▶ [Exercise] Copy nothing but the lines below, from the one with "devilbiss model 306ds user manual" through the one with "Dress K026 Black 4", exactly as written; no pictures should appear.

▶ [Given data]
__________________________________________________

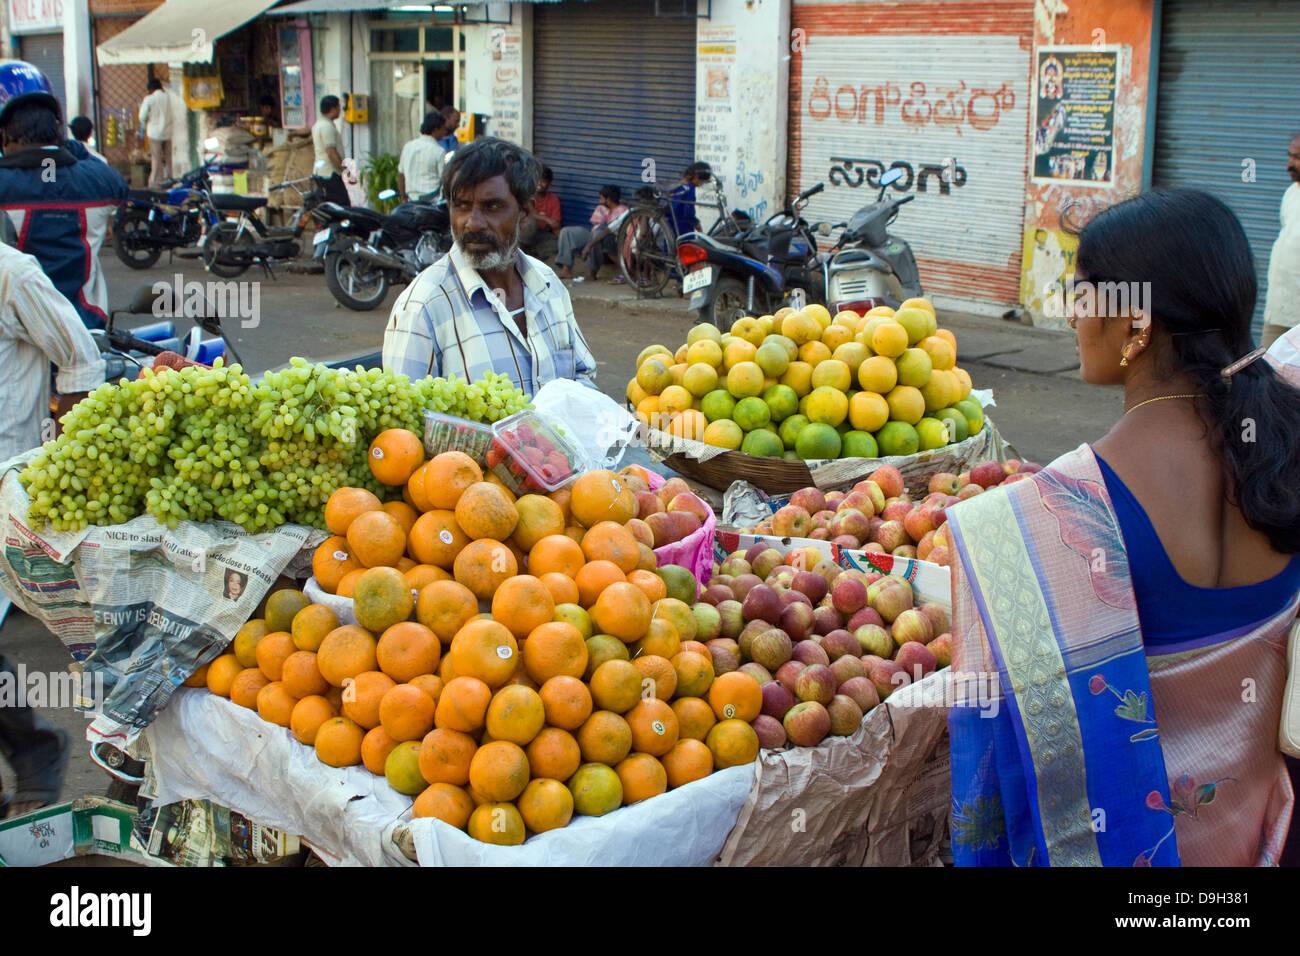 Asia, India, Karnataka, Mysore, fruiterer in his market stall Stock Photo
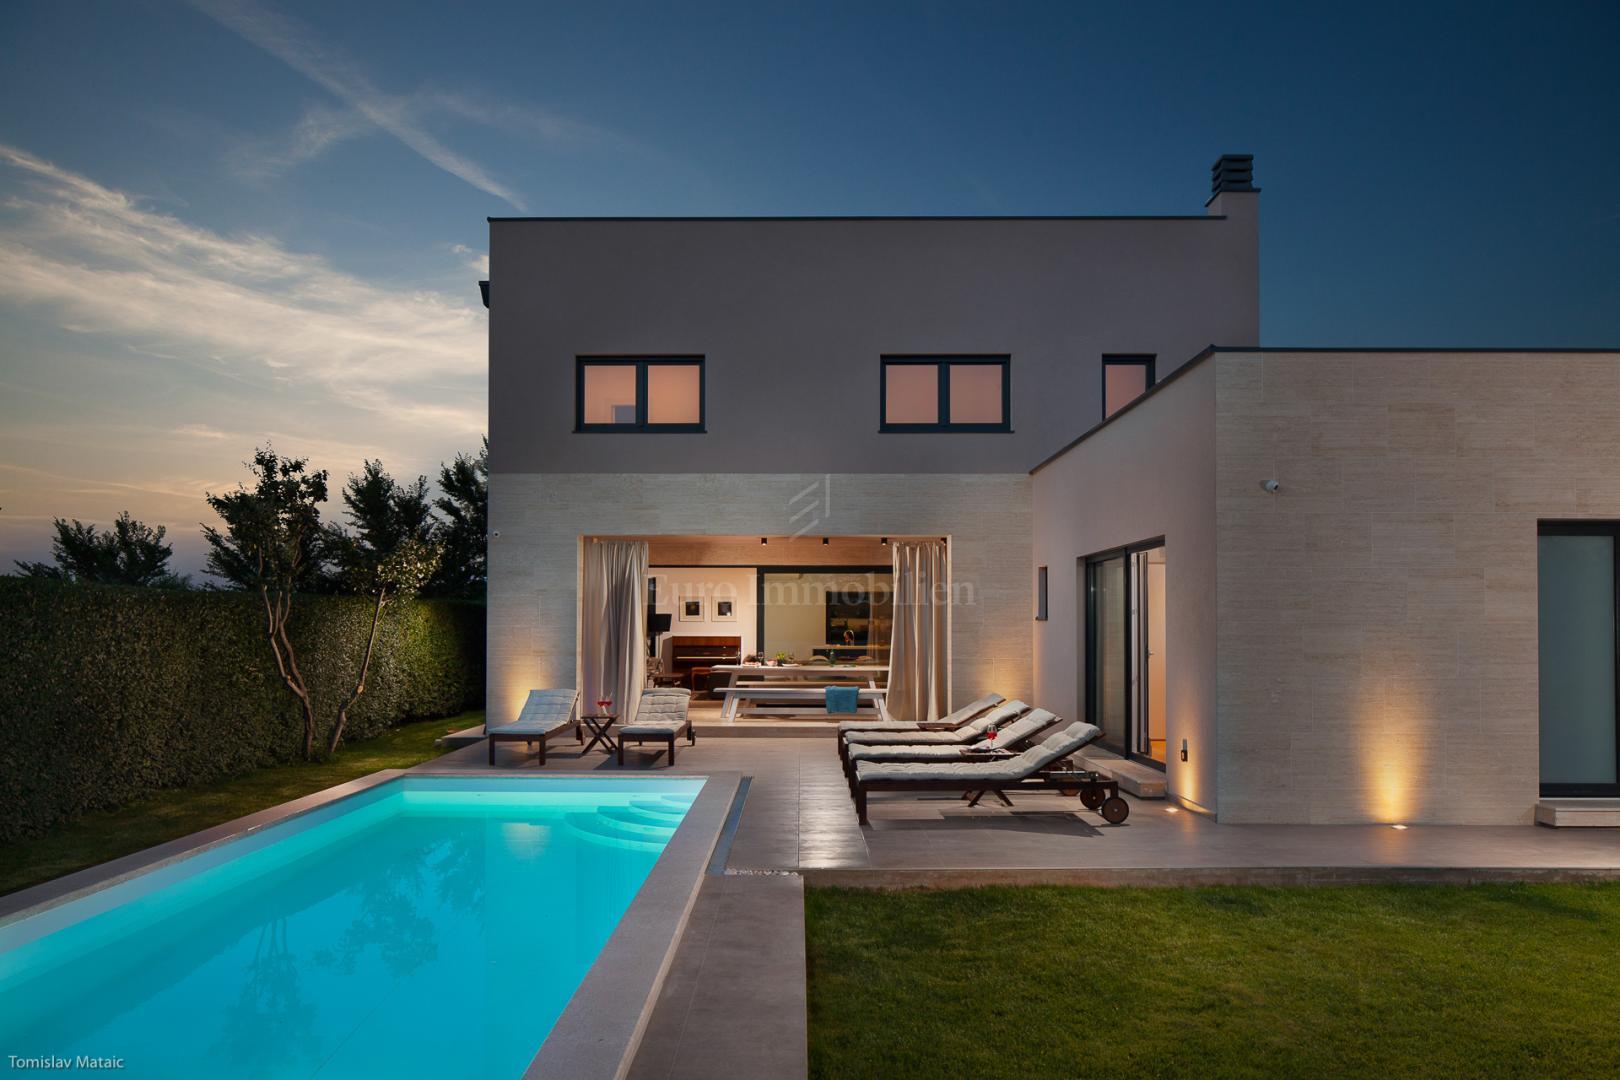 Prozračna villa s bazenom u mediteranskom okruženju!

__________________________________________________

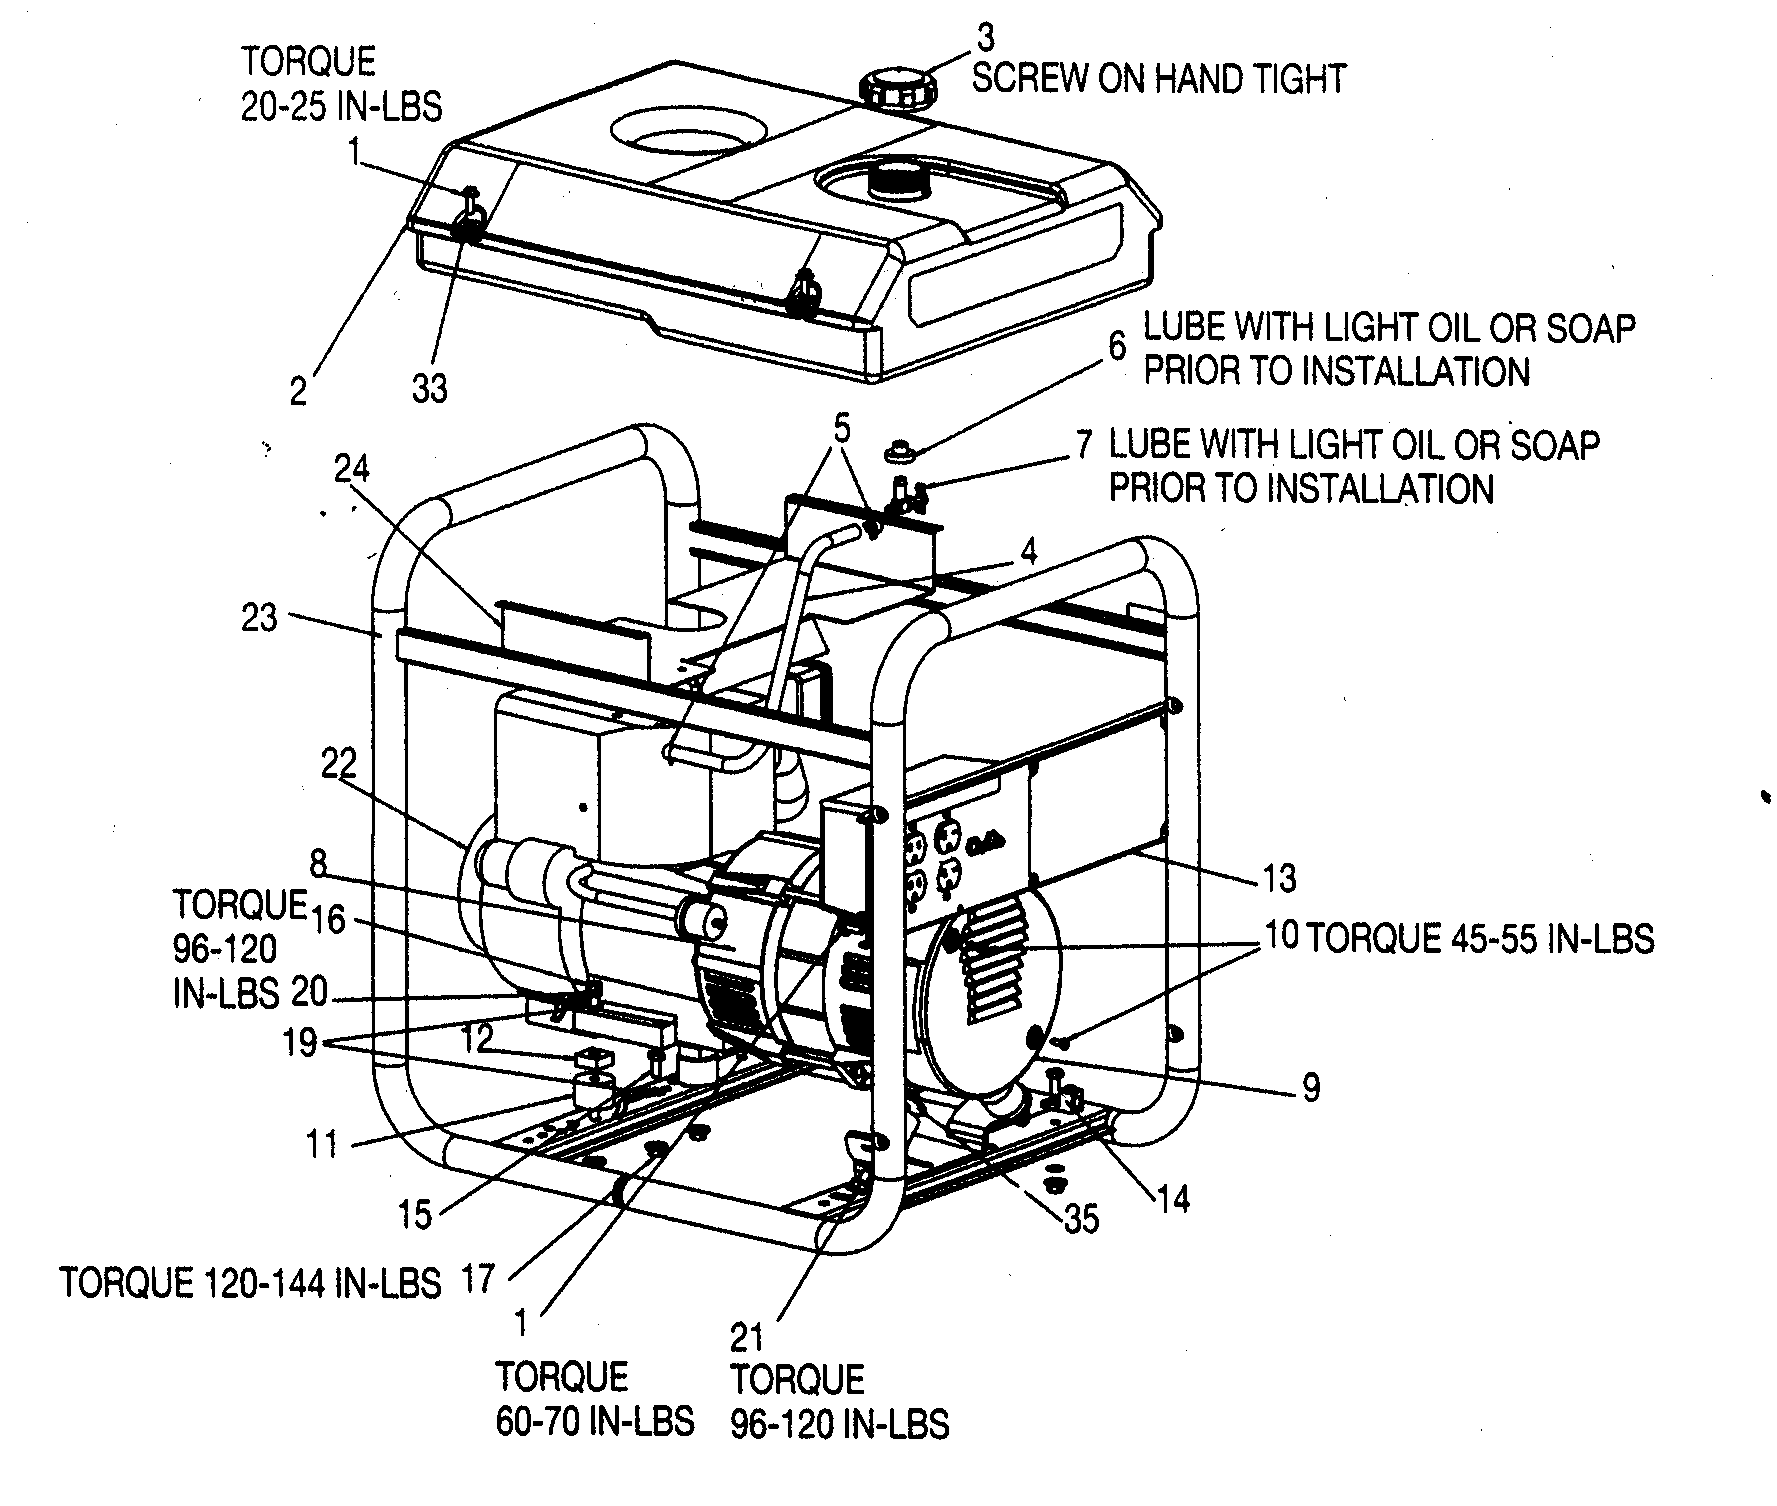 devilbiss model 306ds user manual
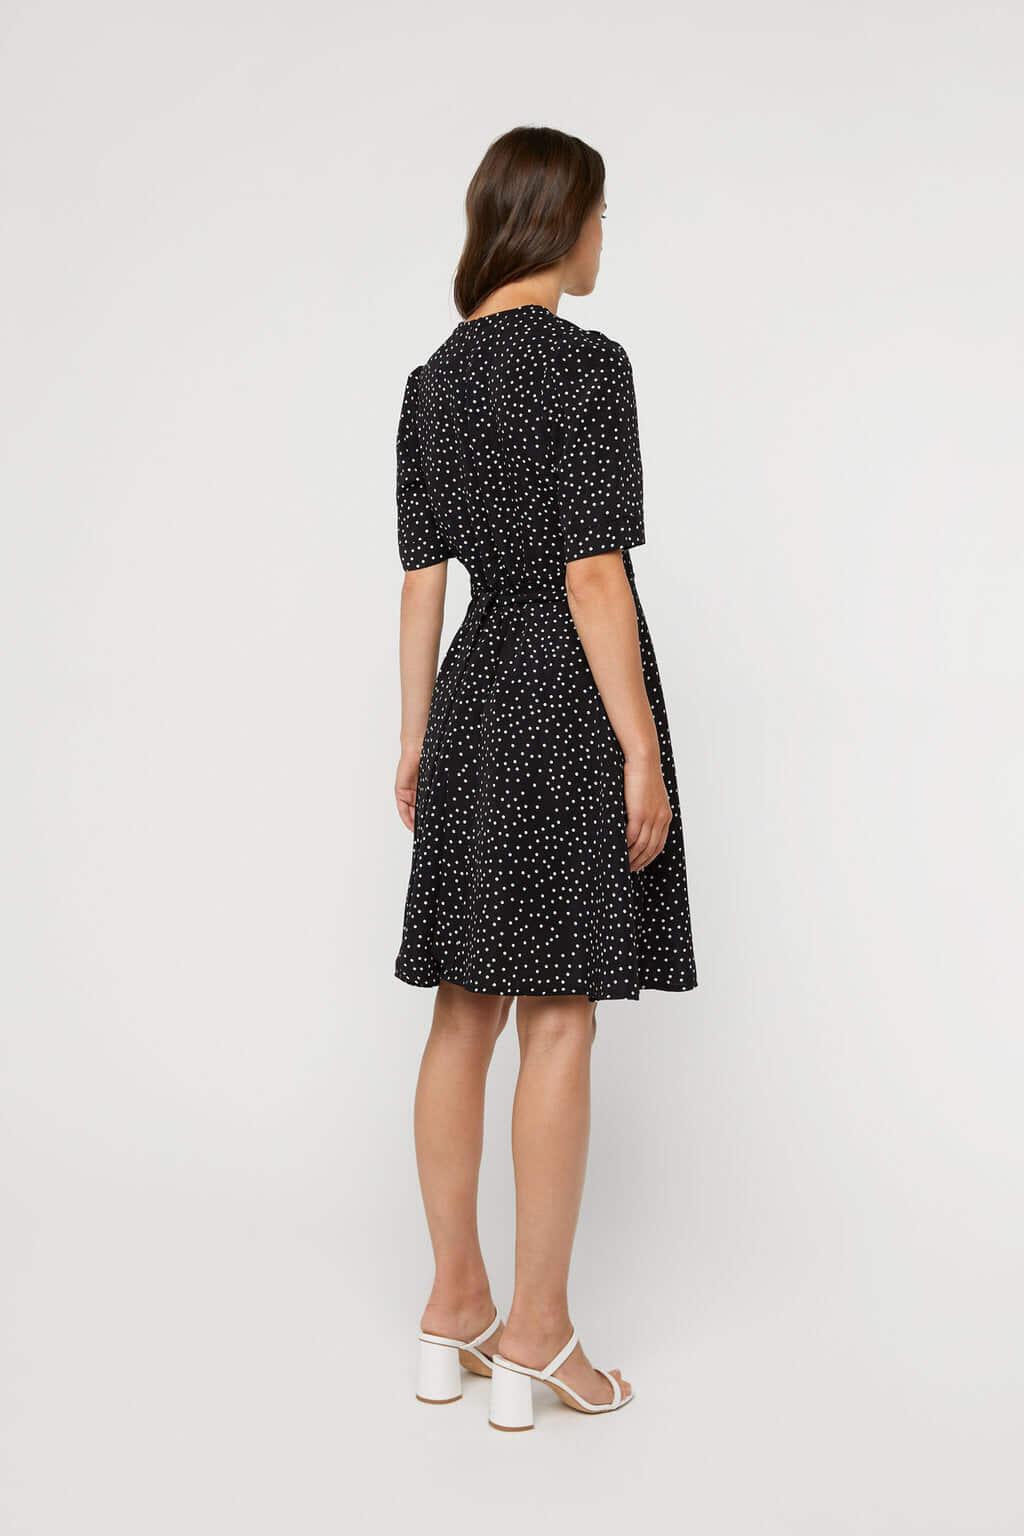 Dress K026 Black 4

__________________________________________________

▶ [Task output]
 devilbiss model 306ds user manual
 Dress K026 Black 4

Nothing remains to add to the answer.